Exercise goal
Each line below from the line with "US-Präsident Barack Obama" to the line with "Technology Developments banner" must be copied exactly, including those two, and no picture may appear in the copy.

Data extract
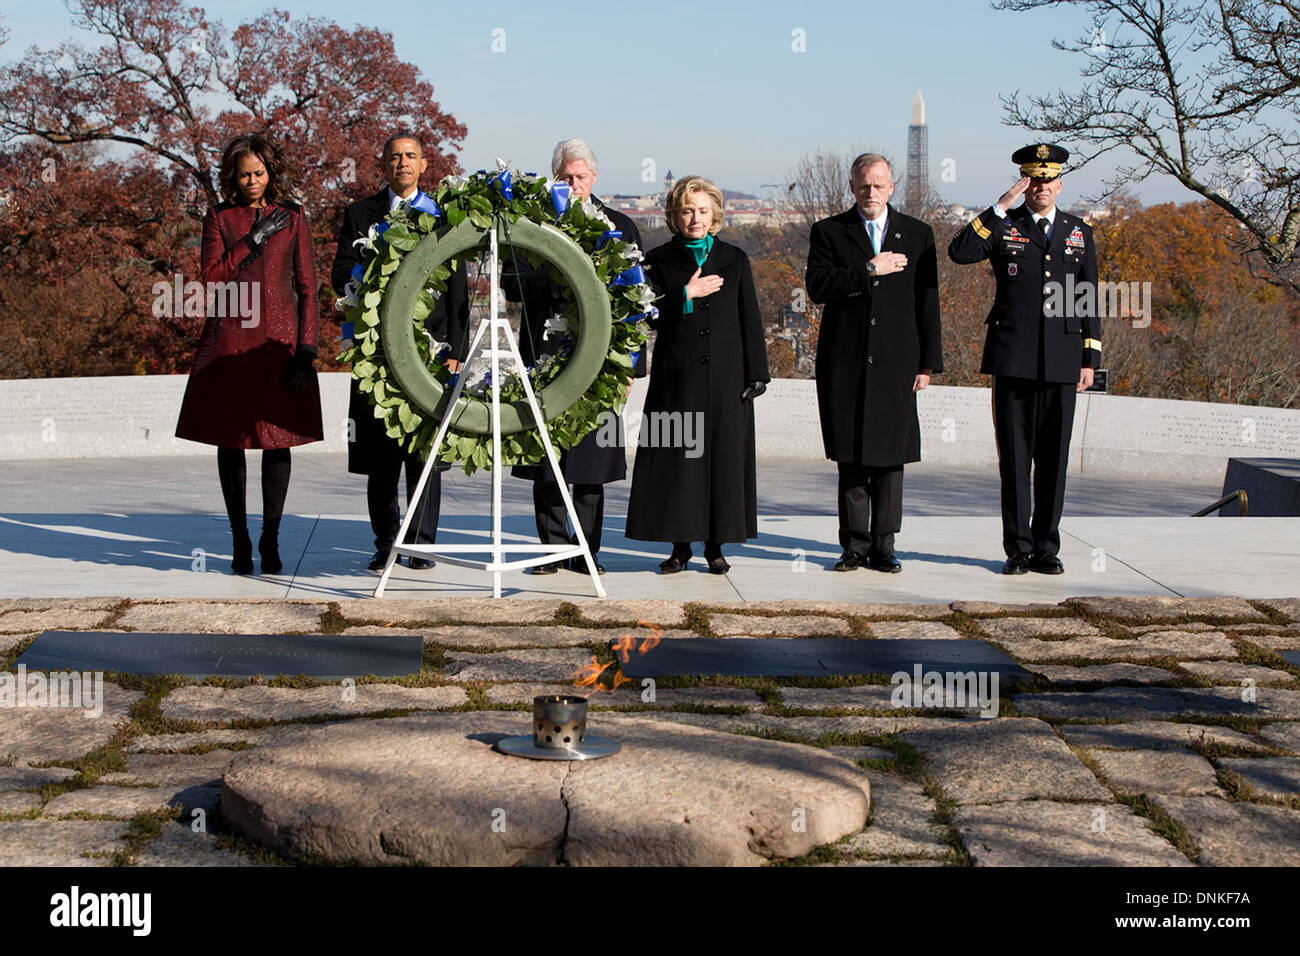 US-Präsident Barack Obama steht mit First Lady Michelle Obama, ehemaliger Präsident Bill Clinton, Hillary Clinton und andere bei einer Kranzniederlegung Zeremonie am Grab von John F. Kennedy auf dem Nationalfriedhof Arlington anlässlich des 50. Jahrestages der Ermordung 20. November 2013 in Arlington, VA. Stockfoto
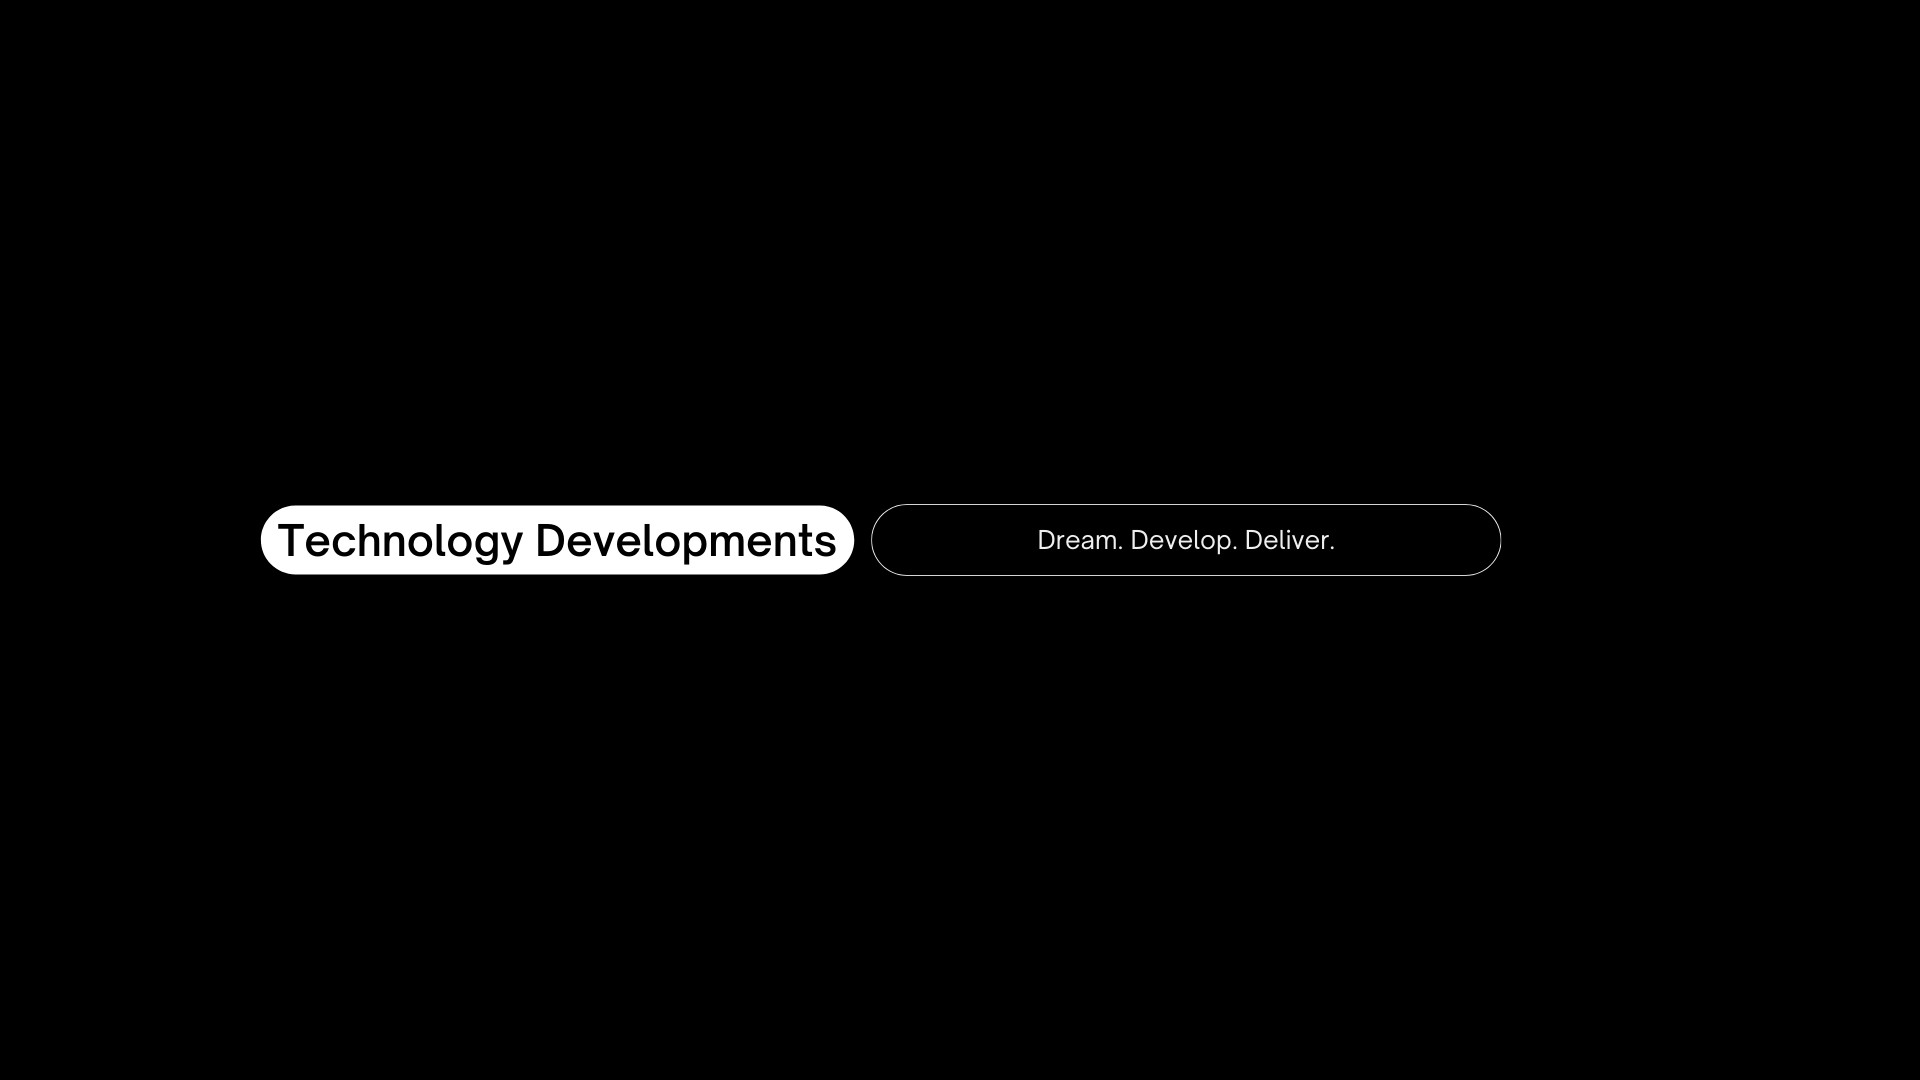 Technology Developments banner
==
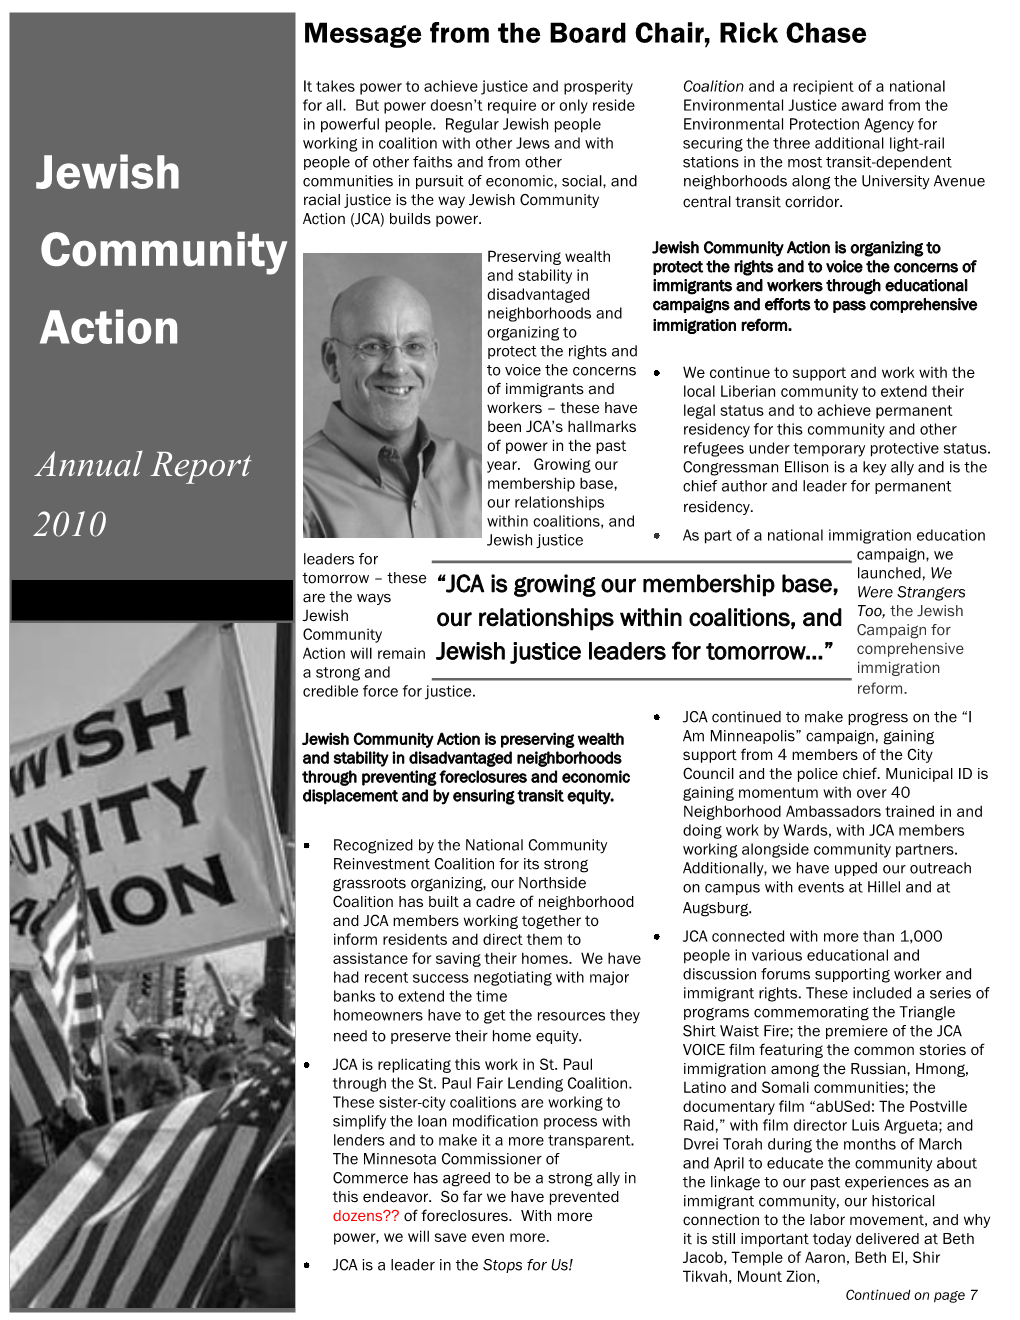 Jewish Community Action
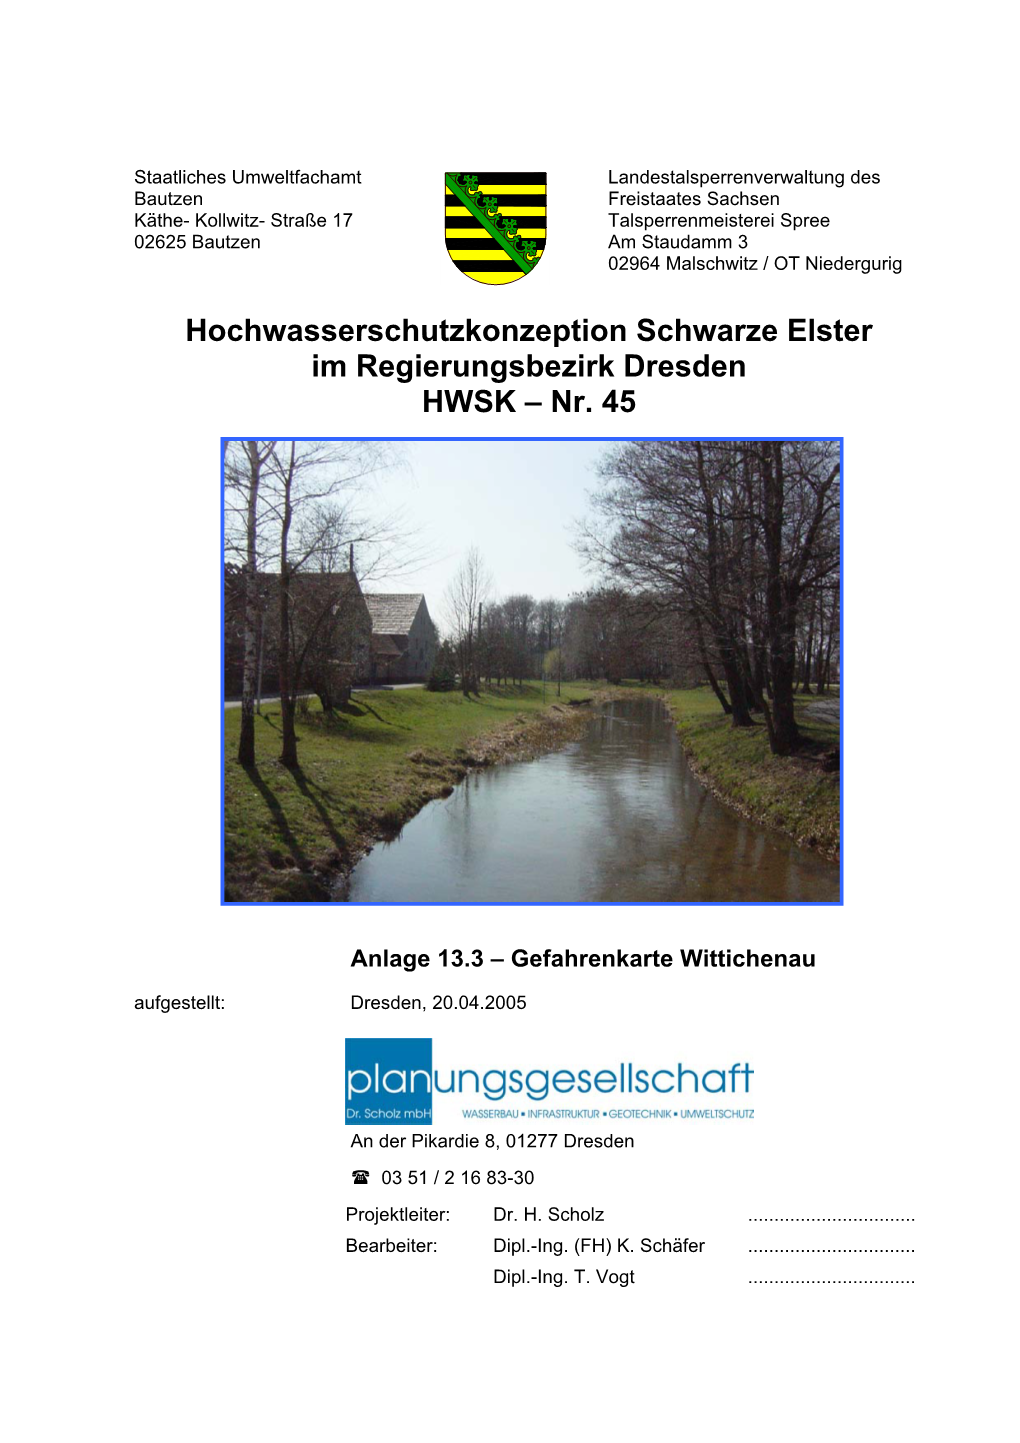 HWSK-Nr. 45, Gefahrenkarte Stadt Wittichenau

Task answer
 US-Präsident Barack Obama steht mit First Lady Michelle Obama, ehemaliger Präsident Bill Clinton, Hillary Clinton und andere bei einer Kranzniederlegung Zeremonie am Grab von John F. Kennedy auf dem Nationalfriedhof Arlington anlässlich des 50. Jahrestages der Ermordung 20. November 2013 in Arlington, VA. Stockfoto
 Technology Developments banner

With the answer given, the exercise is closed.